Kur'an-ı Kerim ve Türkçe Meali Sayfa 295
16. Bunun üzerine, ne yapacaklarını aralarında görüşmeye başladılar. İçlerinden biri dedi ki: "Madem onları ve Allah'tan başka taptıkları sahte ilâhlarını terk ediyoruz, öyleyse dağlara çekilip bir mağaraya sığınalım ki, Rabb'imiz bize rahmet kapılarını açsın ve müminlerin sayısını artırıp iman cephesini güçlendirerek bu mücadelemizde bize bir destek, bir dayanak hazırlasın." Bu teklif kabul edildi ve gizlice mağaraya sığındılar. Bir süre sonra da, yüzyıllar sürecek bir uykuya daldılar.

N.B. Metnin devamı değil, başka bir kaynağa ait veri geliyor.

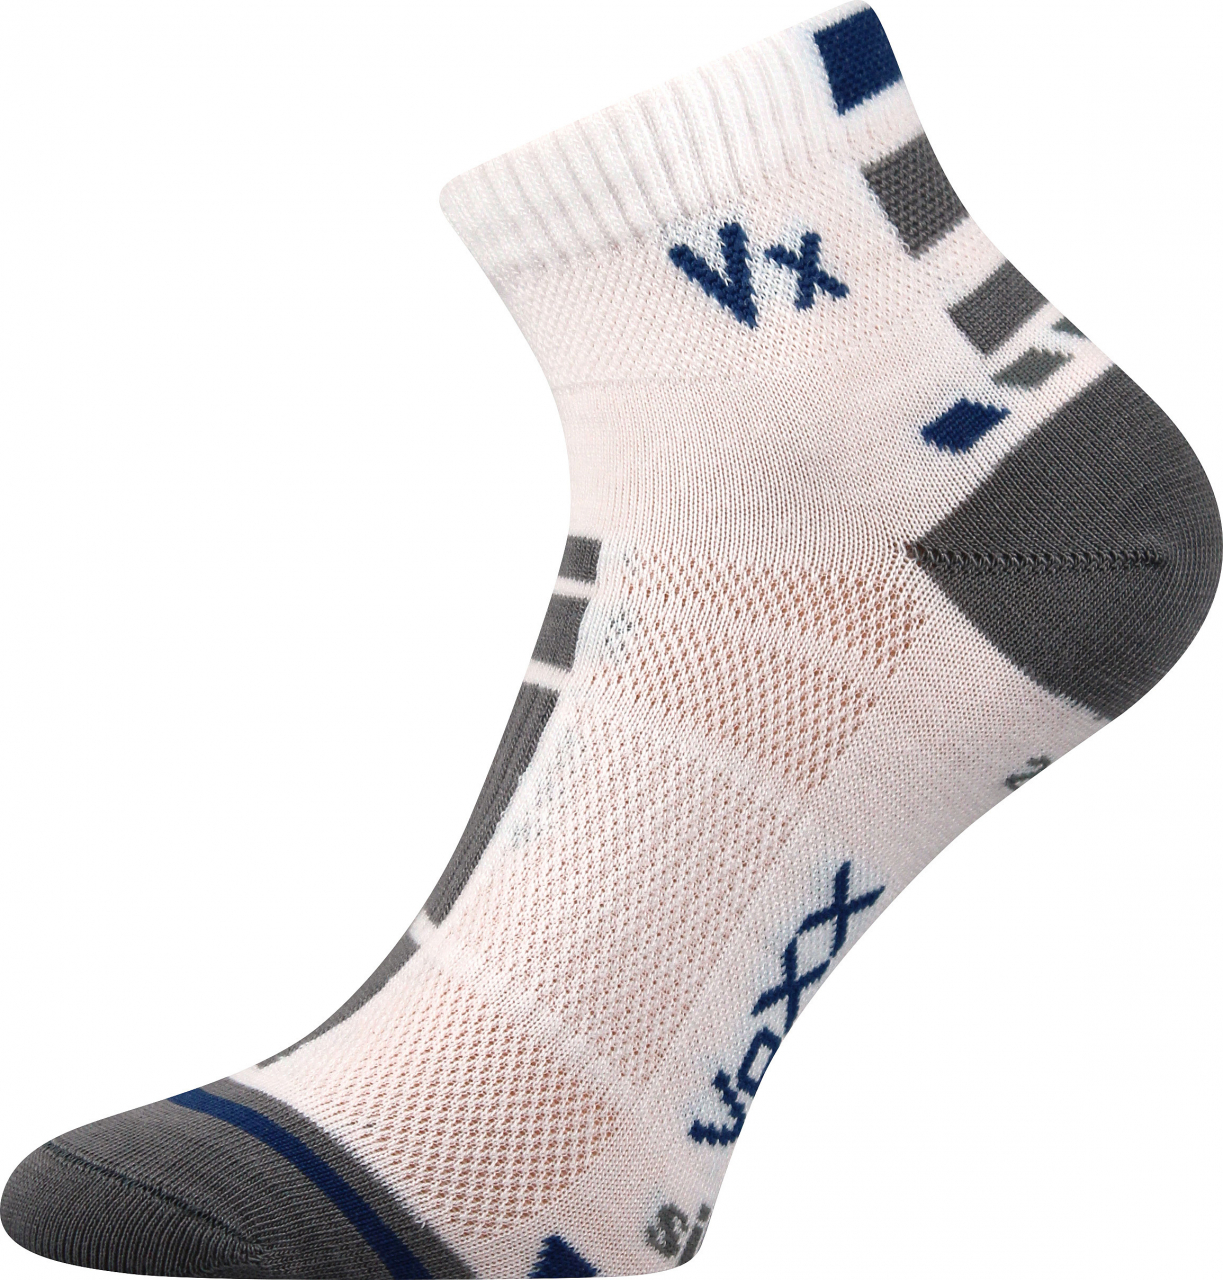 Ponožky antibakteriální Voxx Mayor silproX - bílé-šedé, 43-46

17. Ey Müslüman! Eğer orada bulunup bu acayip manzarayı seyretmiş olsaydın, doğduğu zaman güneşin, girişi kuzeye bakan mağaranın sağ tarafına nasıl yöneldiğini, batarken de sol taraflarından onları hiç rahatsız etmeyecek şekilde nasıl yalayıp geçtiğini görürdün. Onlar ise her şeyden habersiz, mağaranın genişçe bir dehlizinde uzanmış uymakta idiler. Ve bunların hiçbirisi, kendiliğinden meydana gelmiş olaylar değildi. Aksine bu, Allah'ın sınırsız kudret ve merhametini gözler önüne seren delillerinden birisiydi. O hâlde, bu delilleri doğru okuyarak Rabb'inizin gösterdiği yolda yürüyün. Unutmayın; Allah kimi doğru yola iletirse, işte odur doğru yolda yürüyen. Kimi de —hak ettiği için— sapıklık içinde bırakırsa, artık böyle birine, kendisini doğru yola iletecek bir yardımcı, bir dost bulamazsın.

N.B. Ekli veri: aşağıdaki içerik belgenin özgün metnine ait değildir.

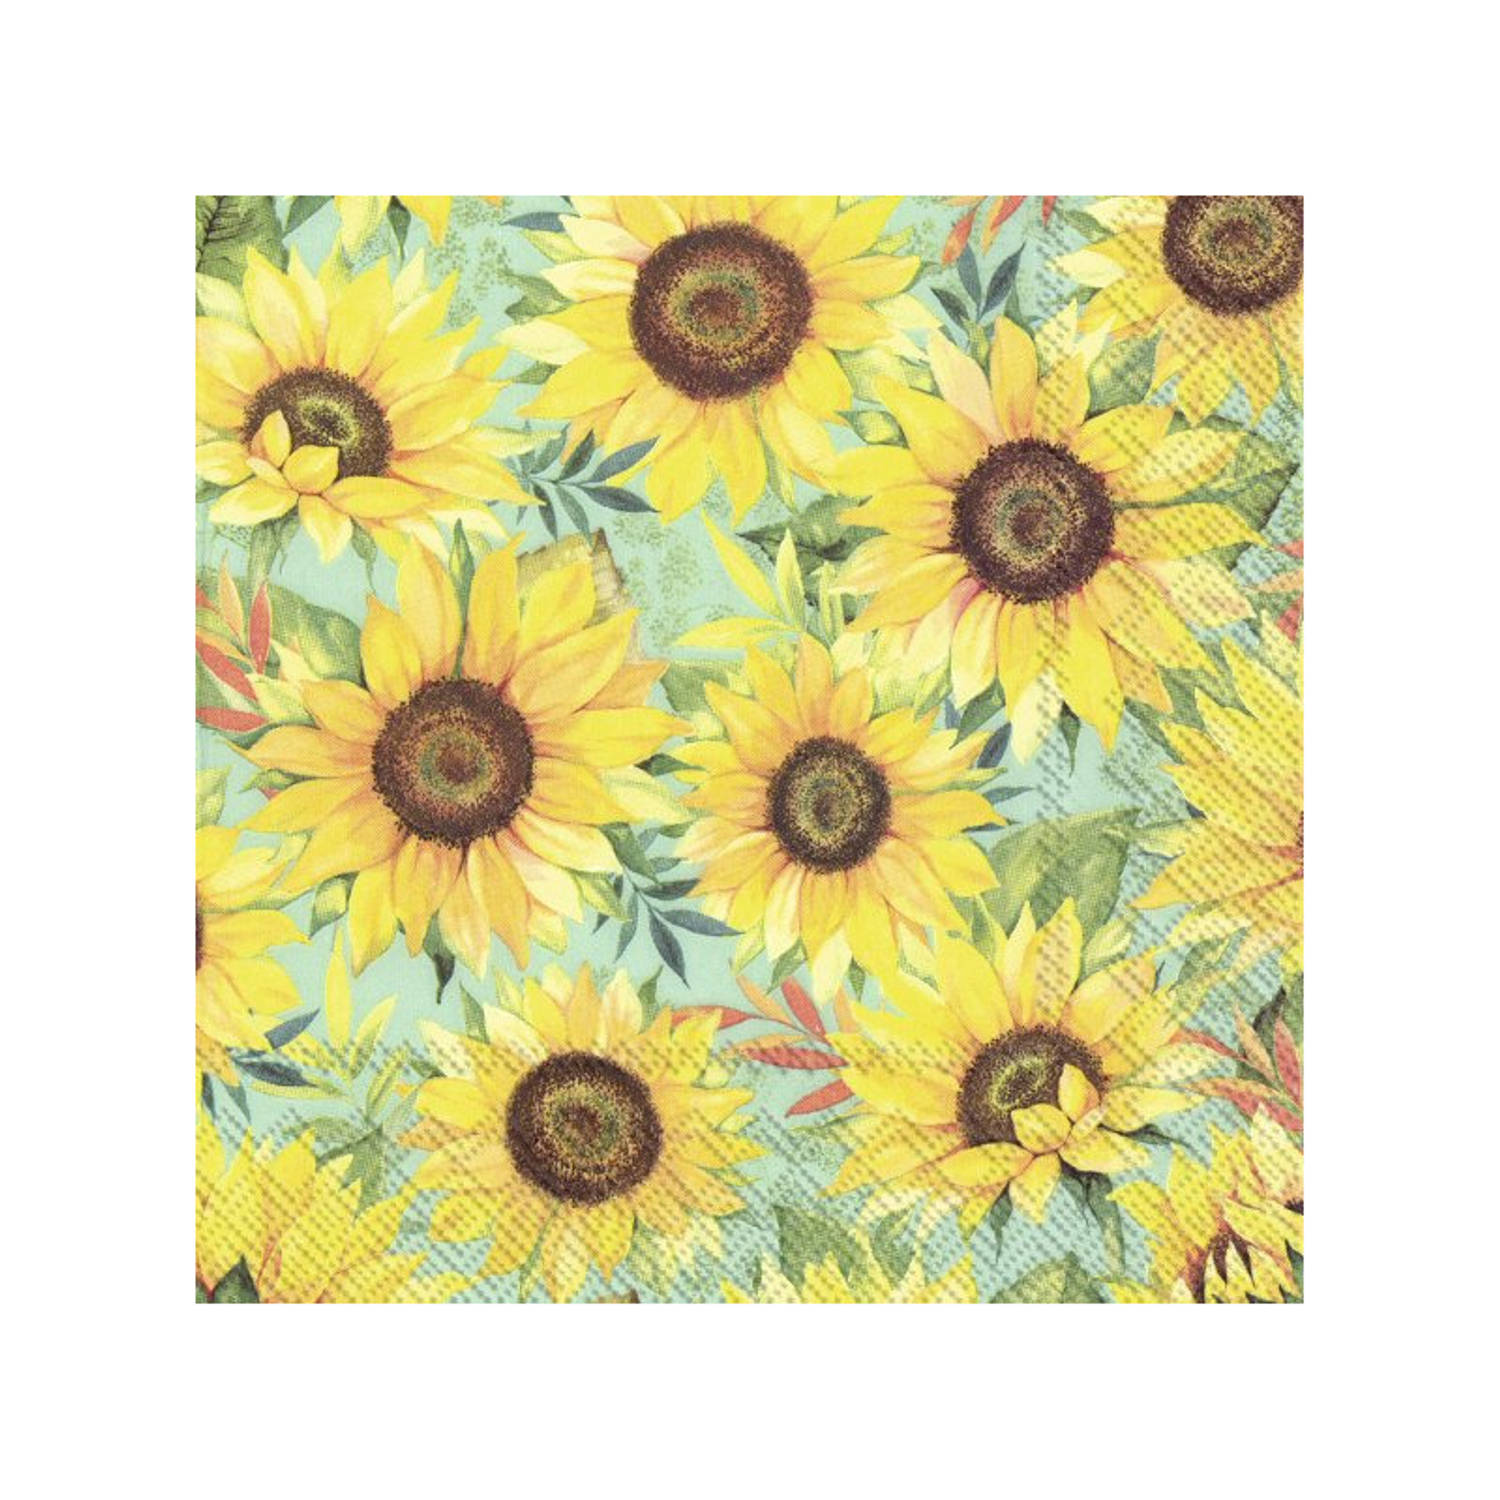 20x Gele 3-laags servetten zonnebloemen 33 x 33 cm - Vincent van Gogh kunst thema

18. Evet, onları o halleriyle bir görseydin, uykuda olmalarına rağmen uyanık sanırdın. Çünkü Biz onları bir sağ yanlarına, bir sol yanlarına çeviriyorduk. Bu arada köpekleri, mağaranın girişinde ön ayaklarını uzatmış uyumaktaydı. Şayet onlara rastlamış olsaydın, onların o dehşet verici, heybetli duruşlarından dolayı için korkuyla dolar ve derhal arkanı dönüp oradan kaçardın. İşte böylece, onları uzun bir süre gözlerden koruduk.

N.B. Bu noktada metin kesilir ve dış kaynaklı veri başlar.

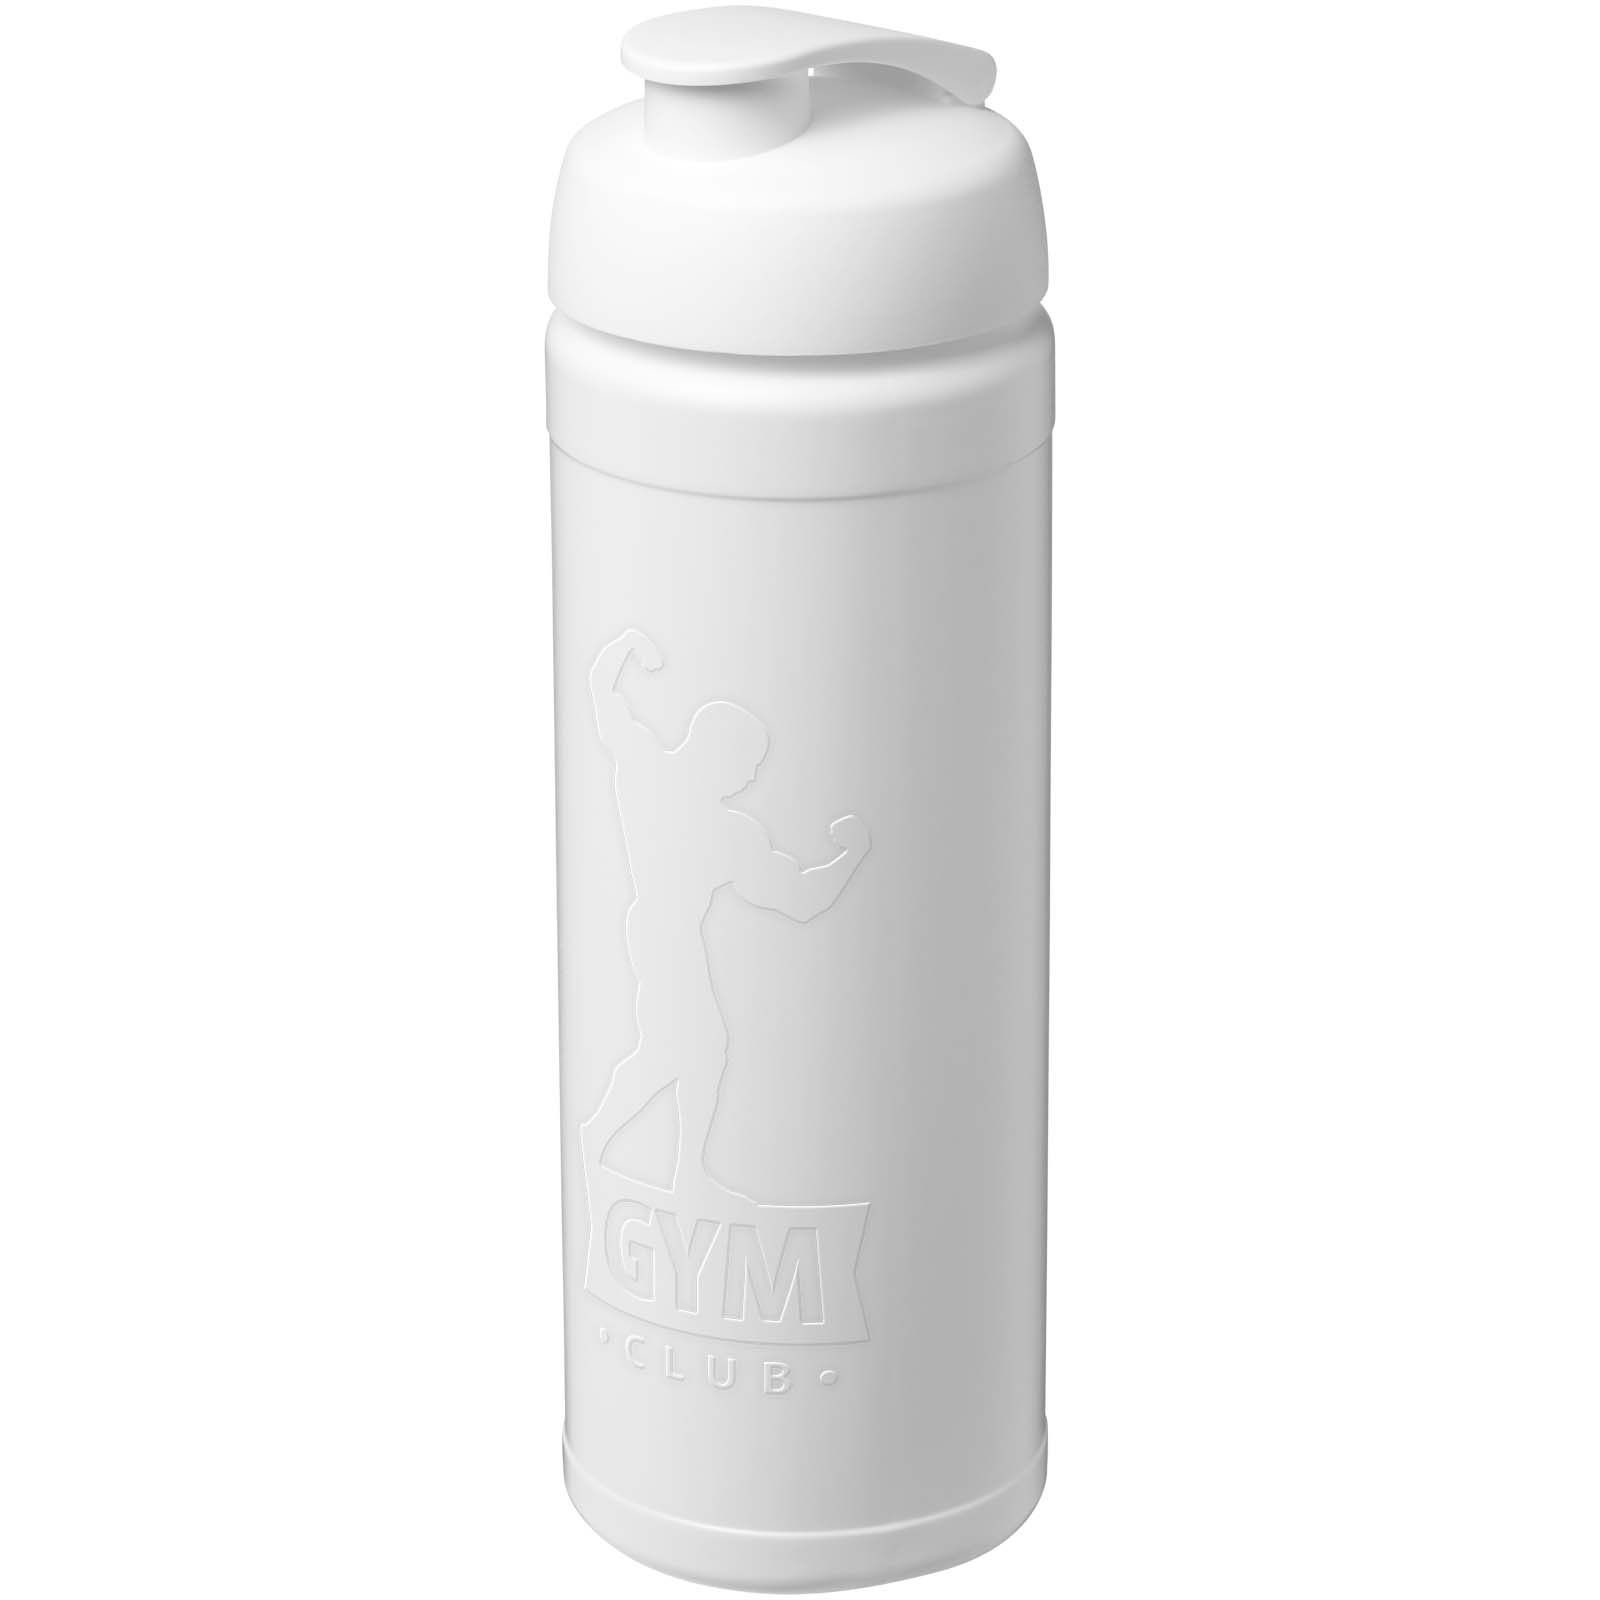 Drinkware - Baseline Rise 750 ml sport bottle with flip lid

19. Derken aradan uzun yıllar geçti ve zamanı gelince onları yeniden uyandırdık. Şaşkınlıkla neler olup bittiğini birbirlerine sormaya başladılar. İçlerinden biri, "Acaba burada ne kadar kalmışızdır?" diye sordu. Diğerleri, "Olsa olsa bir gün veya daha kısa bir süre." dediler. Fakat kesin bir karara varamayınca, her müminin yaptığı gibi, bilemedikleri konuda hükmü Allah'a bırakarak dediler ki: "Ne kadar kaldığımızı en iyi Rabb'imiz bilir. Hele şimdi içimizden birini şu gümüş paralarla şehre yollayalım da, temiz yiyeceklerden seçip bize biraz erzak getirsin. Fakat çok dikkatli davransın, sakın bizim burada saklandığımızı kimseye sezdirmesin!"
20. "Çünkü onlar bizi ele geçirirlerse, hepimizi taşa tutup hunharca öldürürler ya da baskı ve işkenceyle bizi o kendi batıl dinlerine geri döndürürler ki, o zaman asla kurtuluş yüzü göremeyiz!"
Gönderilen genç, aradan uzun yıllar geçtiğinden habersiz olarak çarşıda dolaşmaya başladı. İnsanlar, antika paralarla alışveriş yapmaya çalışan genci görünce merakla etrafına toplandılar. Sonra durum yöneticilere haber verildi. Hep birlikte mağaraya geldiler ve mağaradaki gençlerin durumunu görerek hayret verici gerçeği öğrendiler. Bir süre sonra gençler, uyandıkları yerde Rab'lerine ruhlarını teslim ettiler.